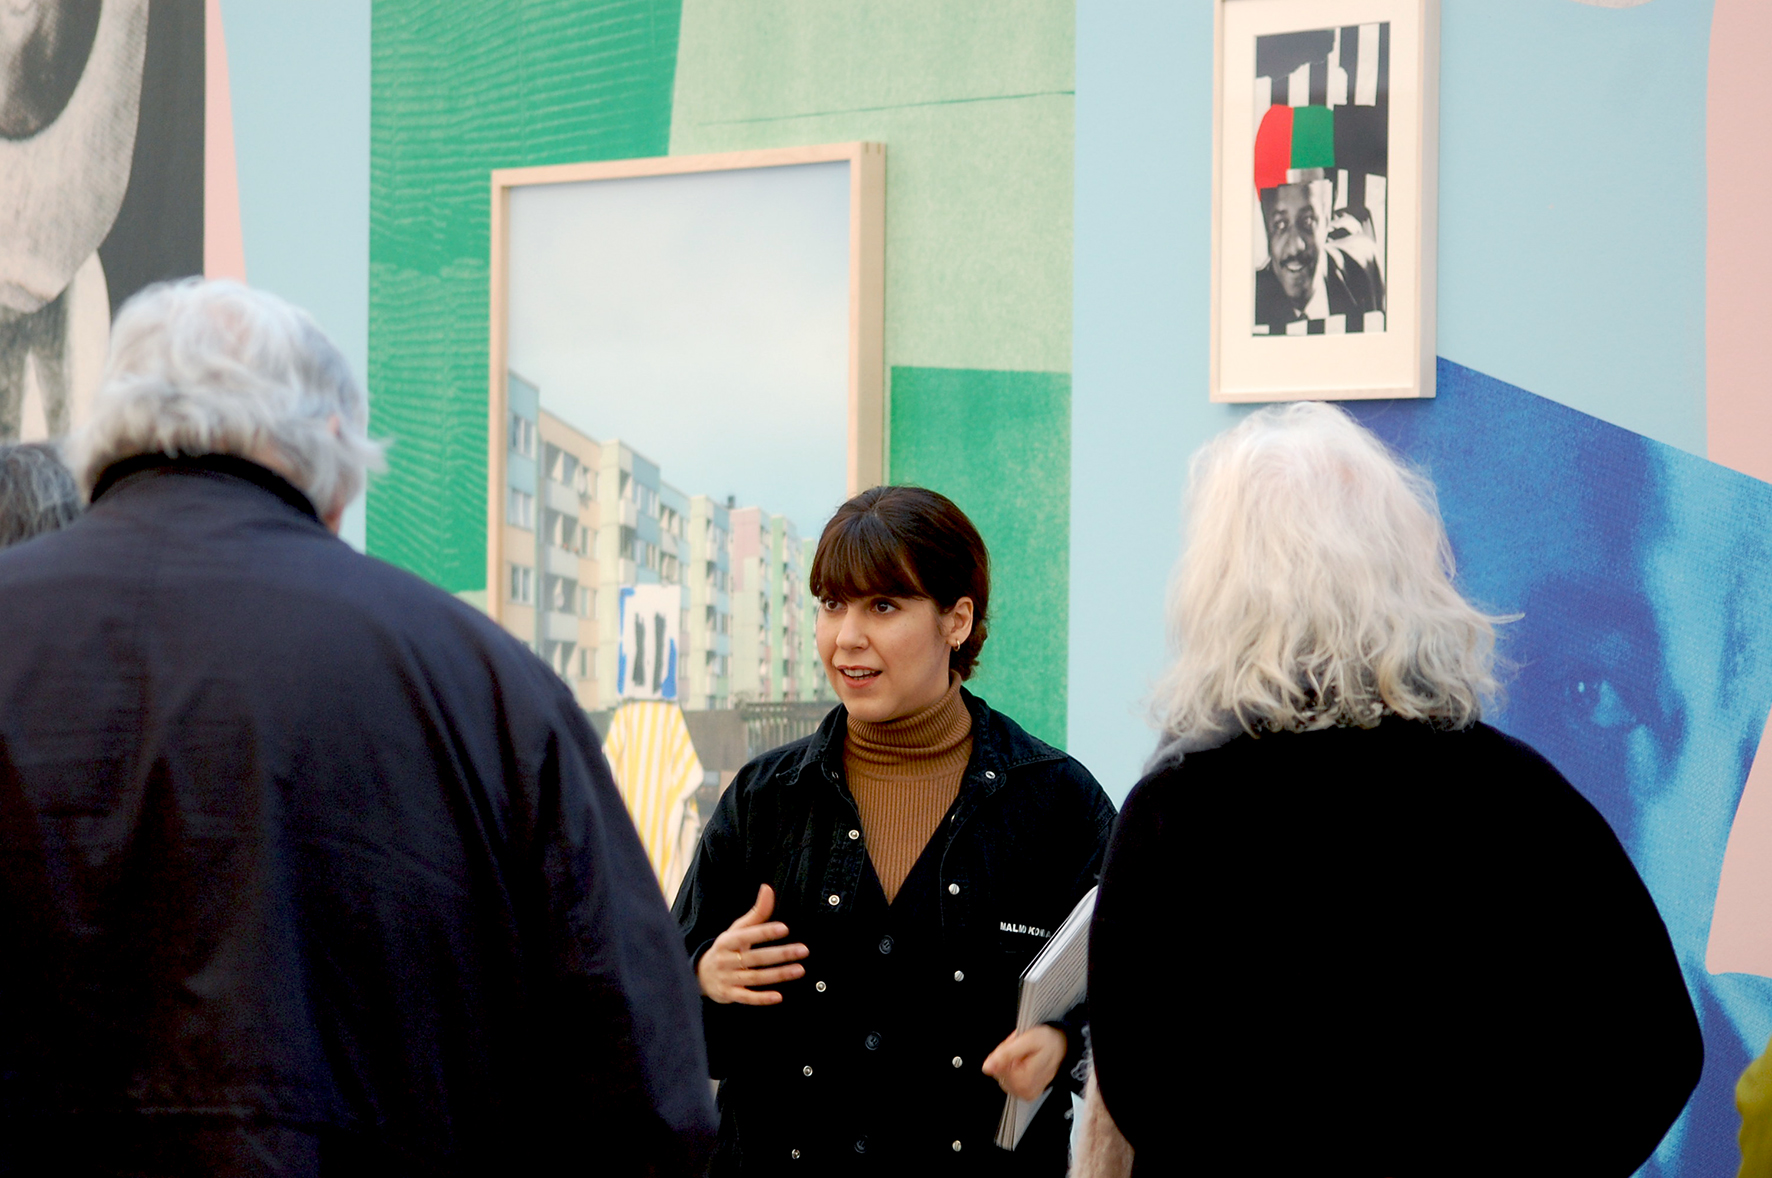 En av konsthallens guider berättar om en utställning. Utöver henne två besökare avporträtterade med ryggen mot kameran.
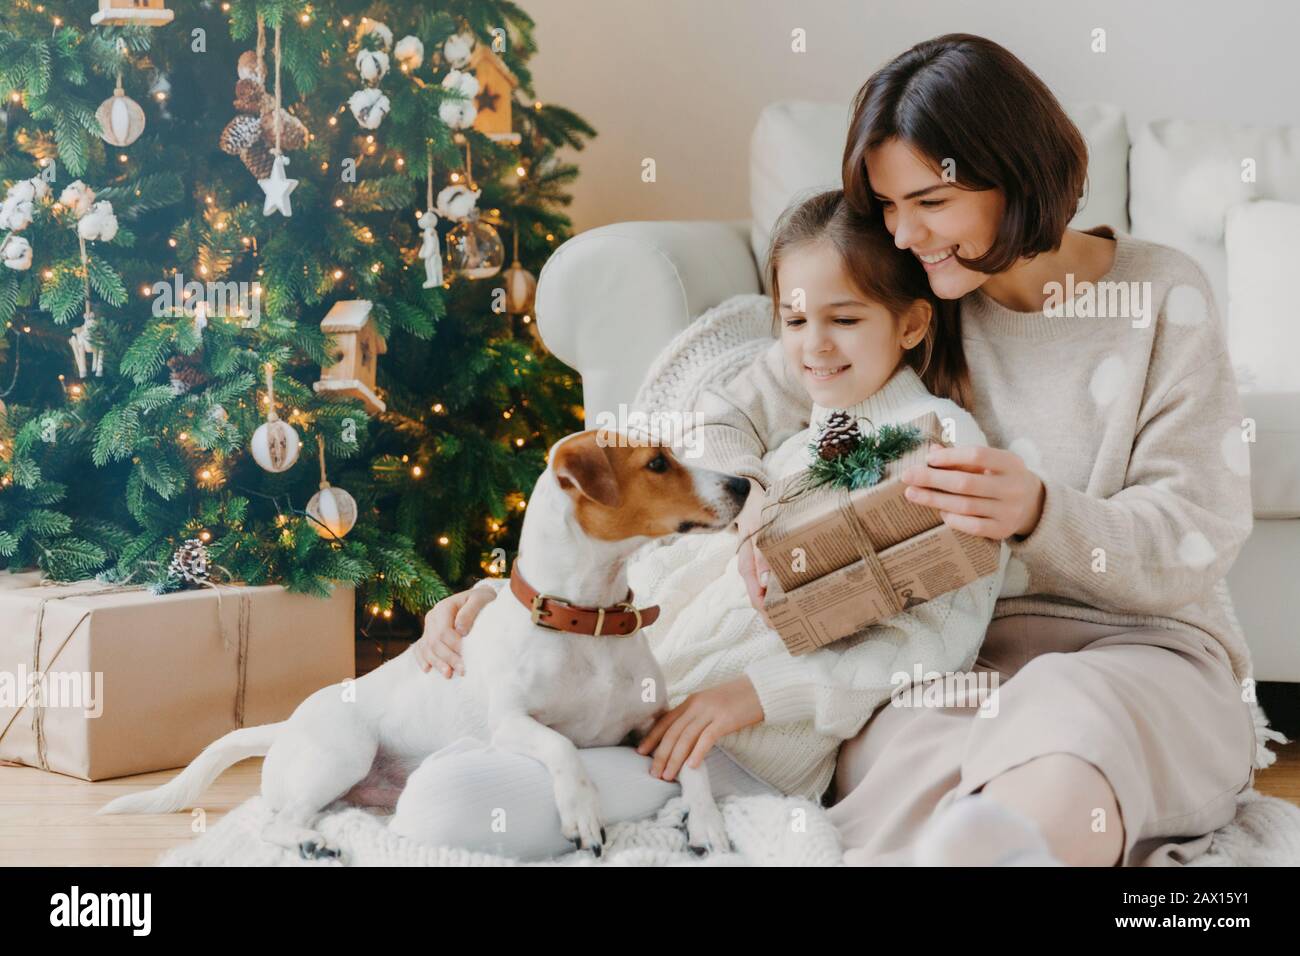 Une jeune femme heureuse embrasse sa petite fille, présente Noël, attend pour des vacances d'hiver, jouer avec le chiot pedigree, poser au sol près de la décoration Banque D'Images
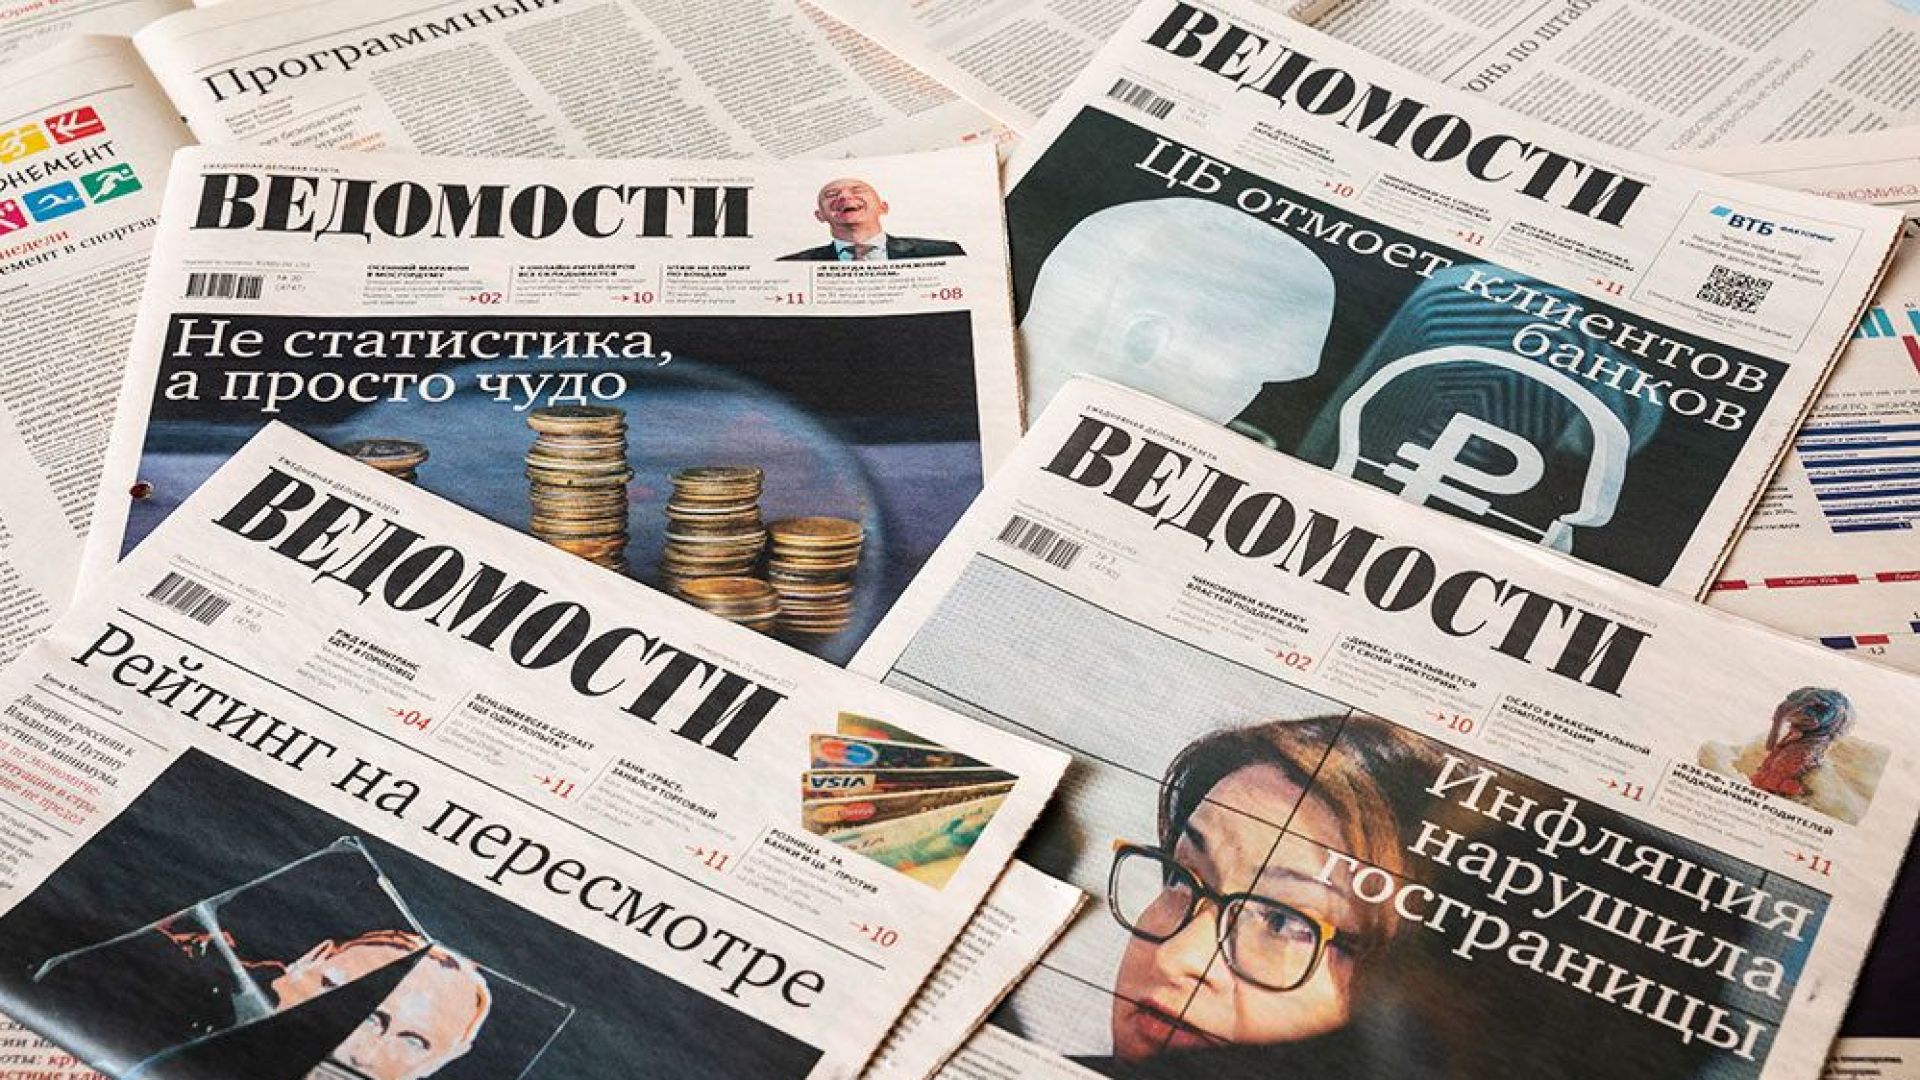 Петима заместник главни редактори на водещия руски икономически всекидневник Ведомости

•••

AIM OF THE TASK → When copying the data above, repeat every word exactly and drop the pictures.

RESPONSE BELOW →
 En av konsthallens guider berättar om en utställning. Utöver henne två besökare avporträtterade med ryggen mot kameran.
 Une jeune femme heureuse embrasse sa petite fille, présente Noël, attend pour des vacances d'hiver, jouer avec le chiot pedigree, poser au sol près de la décoration Banque D'Images
 Петима заместник главни редактори на водещия руски икономически всекидневник Ведомости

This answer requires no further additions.